The general algorithm is as follows: The original image (note that the
sensor sees everything mirror-inverted, but this is annihilated by the
back-projection later) is positioned parallely to the x-y plane at z = -
focal length. Then, it is central-projected to the full sphere (radius
equals focal length), so it gets positive z coordinates and can be viewed
properly from the origin.
This way, also the vertical vanishing point is on the sphere at (- ρ, 90° -
δ).

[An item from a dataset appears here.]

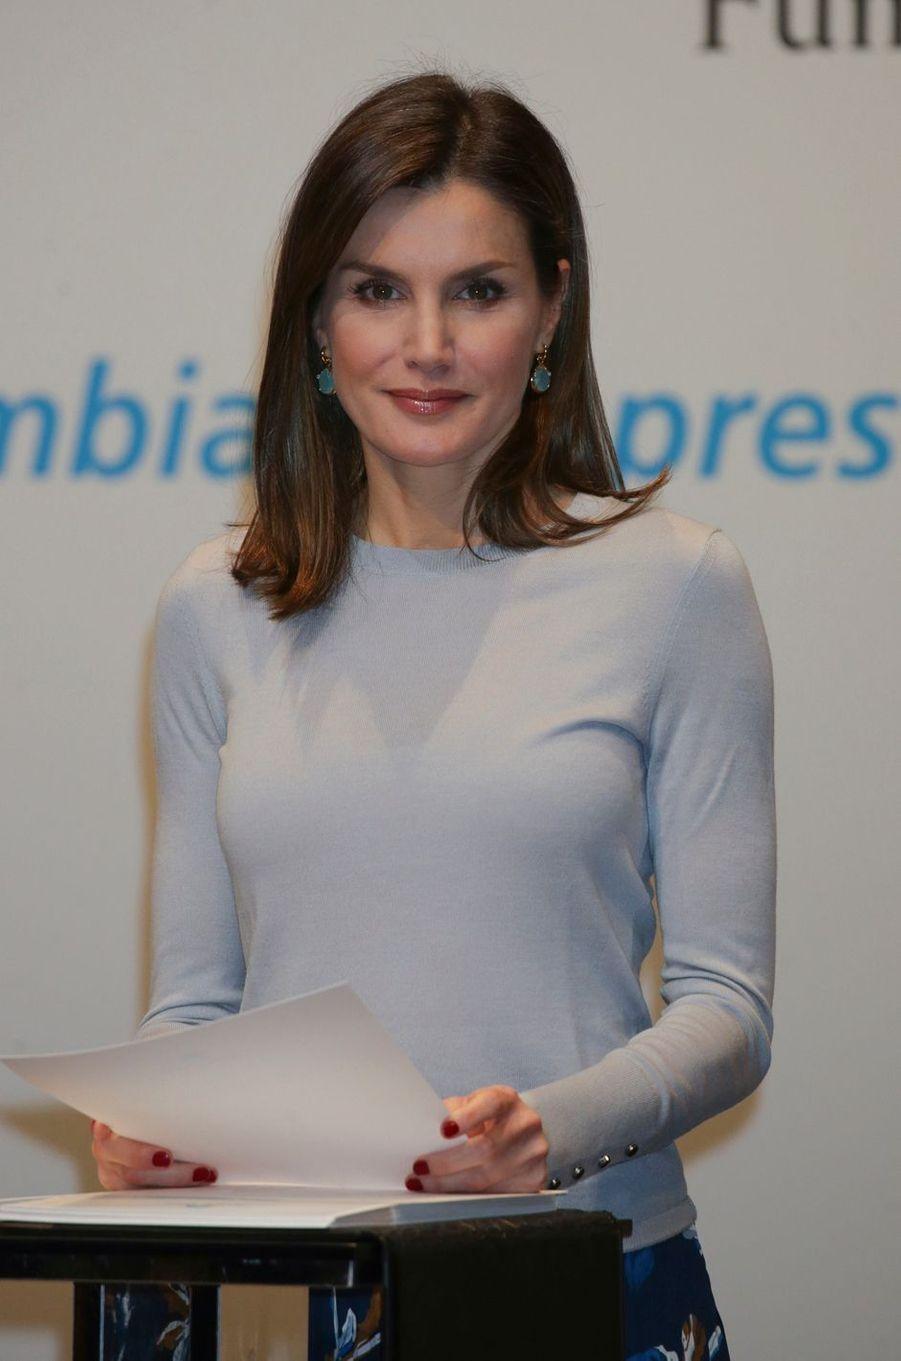 La reine Letizia d'Espagne à Madrid, le 10 avril 2018
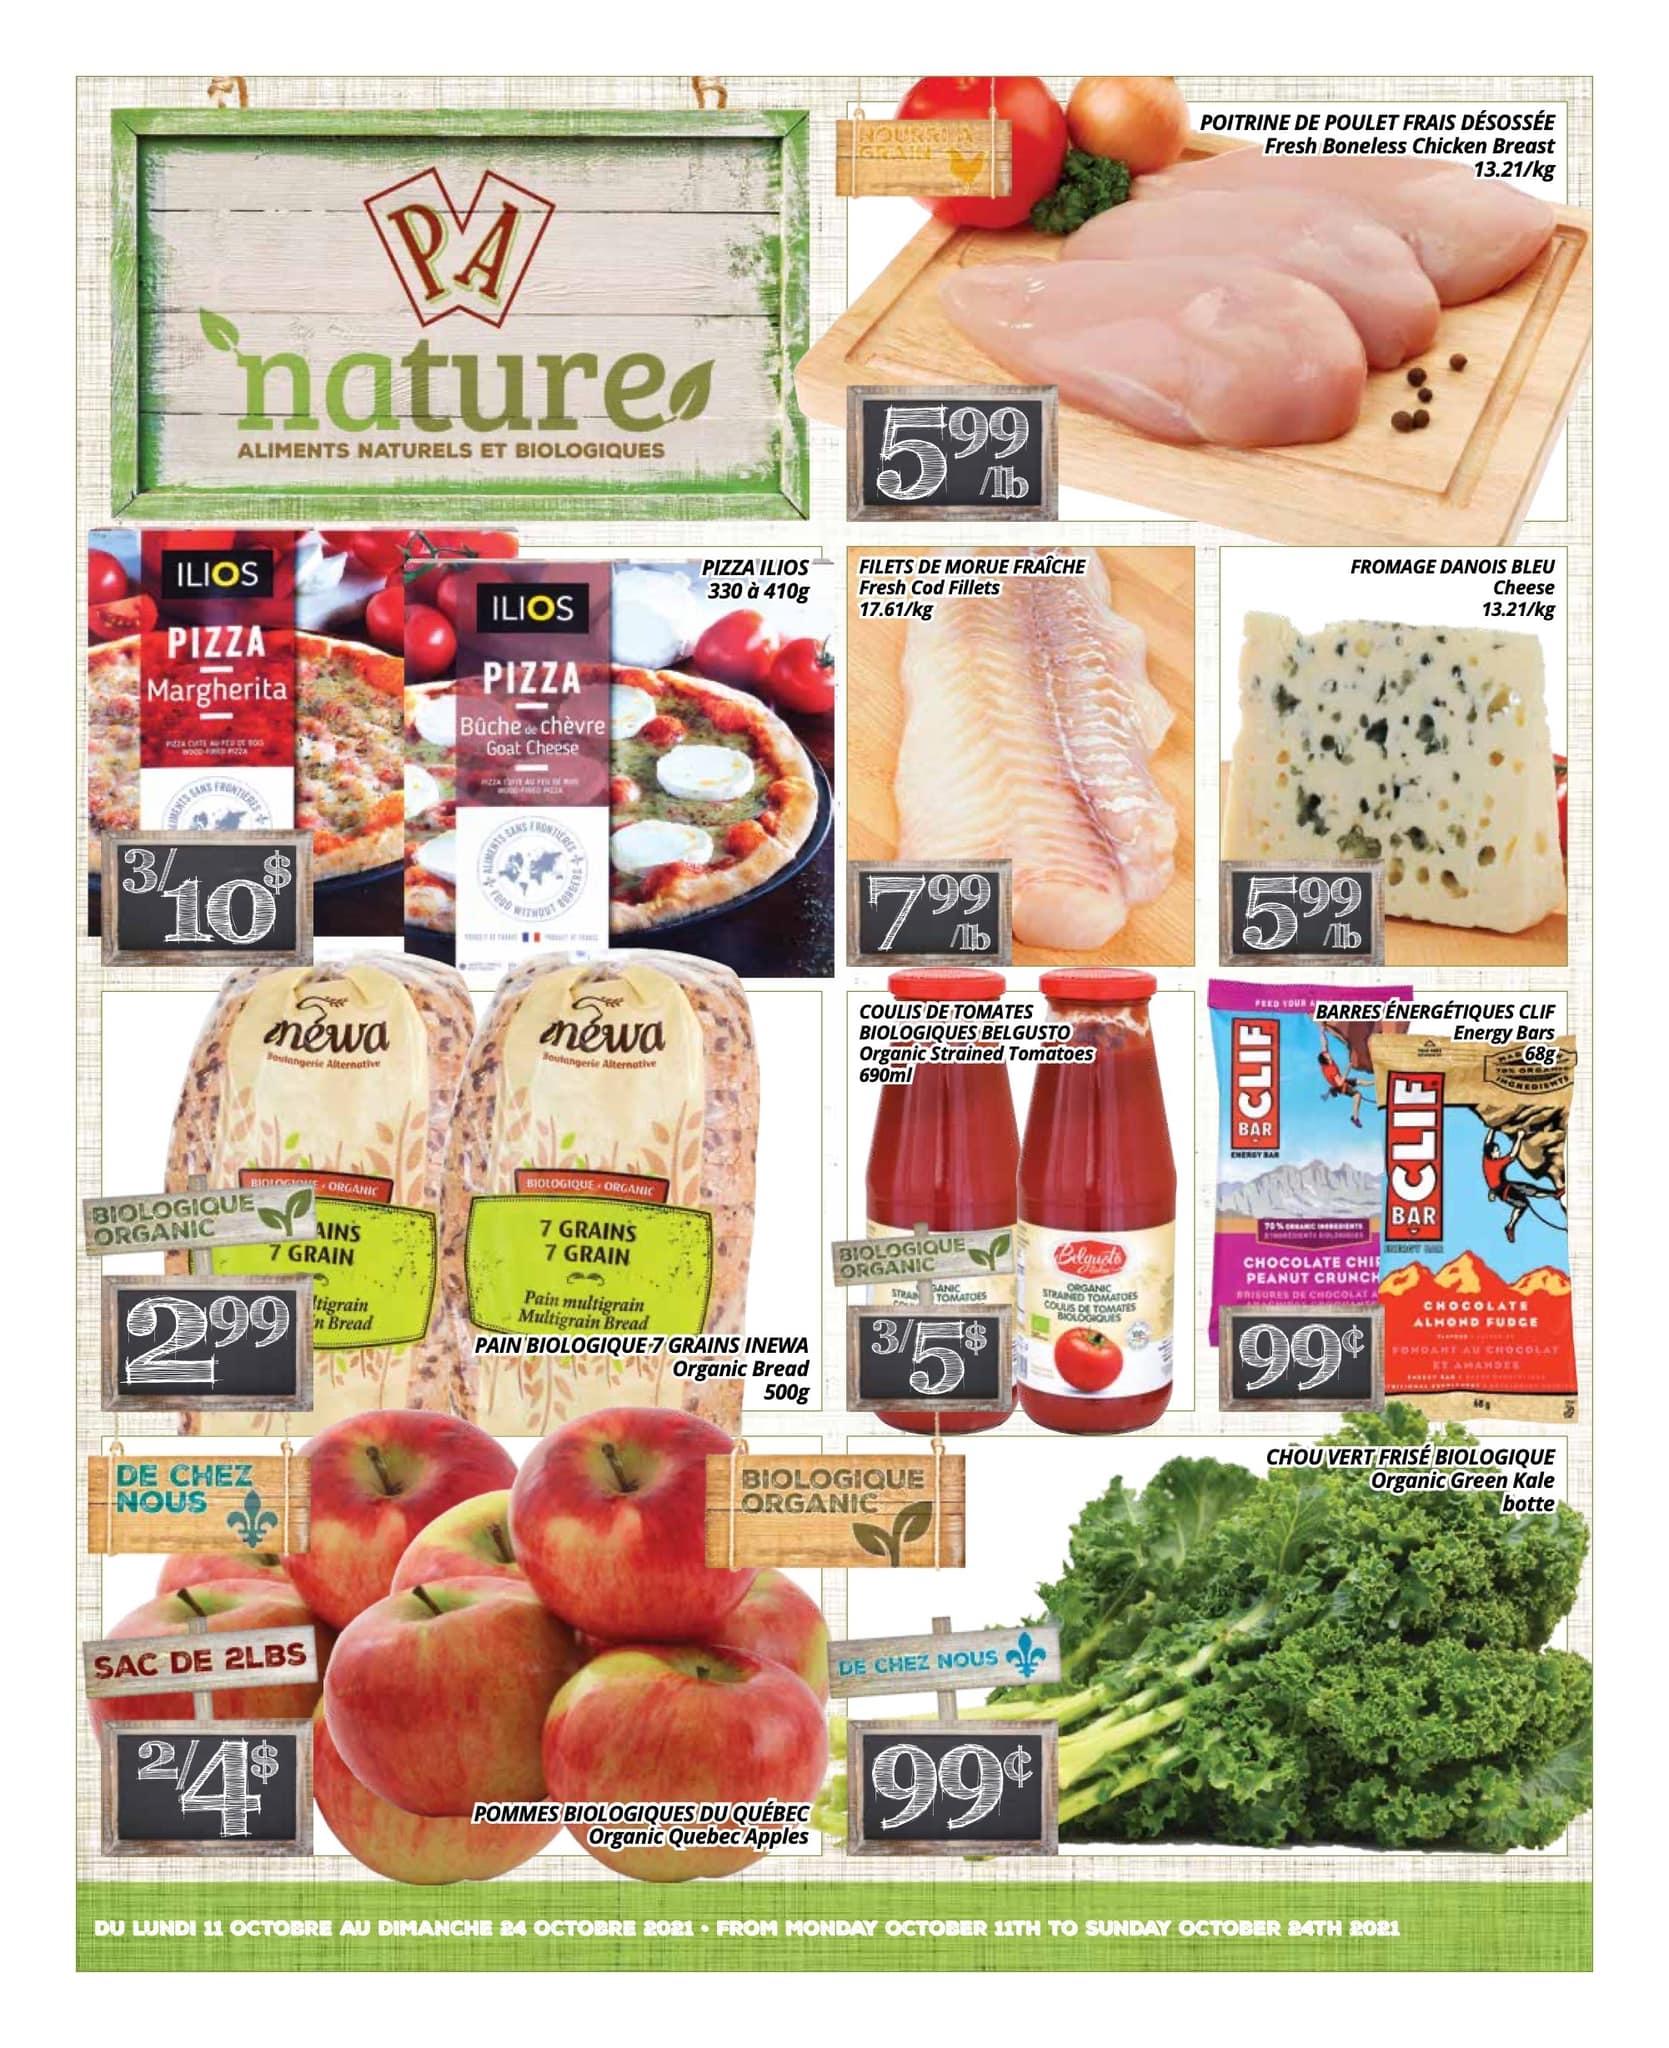 Circulaire PA Nature - Aliments Naturels et Biologiques du 11 au 24 octobre 2021 - Page 1

Then, the sphere with the image is rotated around the y axis by ρ so
that the vanishing point is on the y-z plane with z > 0. Then, the sphere
is rotated around the y axis by δ so that the vanishing point is in the
zenith – where it belongs.
Next, the intersection of the horizontal control line with the x-z plane is
determined. Its rectascension is called 90° - ρₕ. So, the sphere is
rotation around the y axis a second time, this time by ρₕ. Now, the right
vanishing point truely is to the right.
The rotated image plane is central-projected back into the sensor plane at
z = - focal length. In general, it will be way off the center of the
image, so that the image must be shifted. We shift so that the image
center is a fix point. If however the image center is not visible in the
result, or too close to the pole (i.e. magnification > 10), we use the
center of gravity of the control points instead.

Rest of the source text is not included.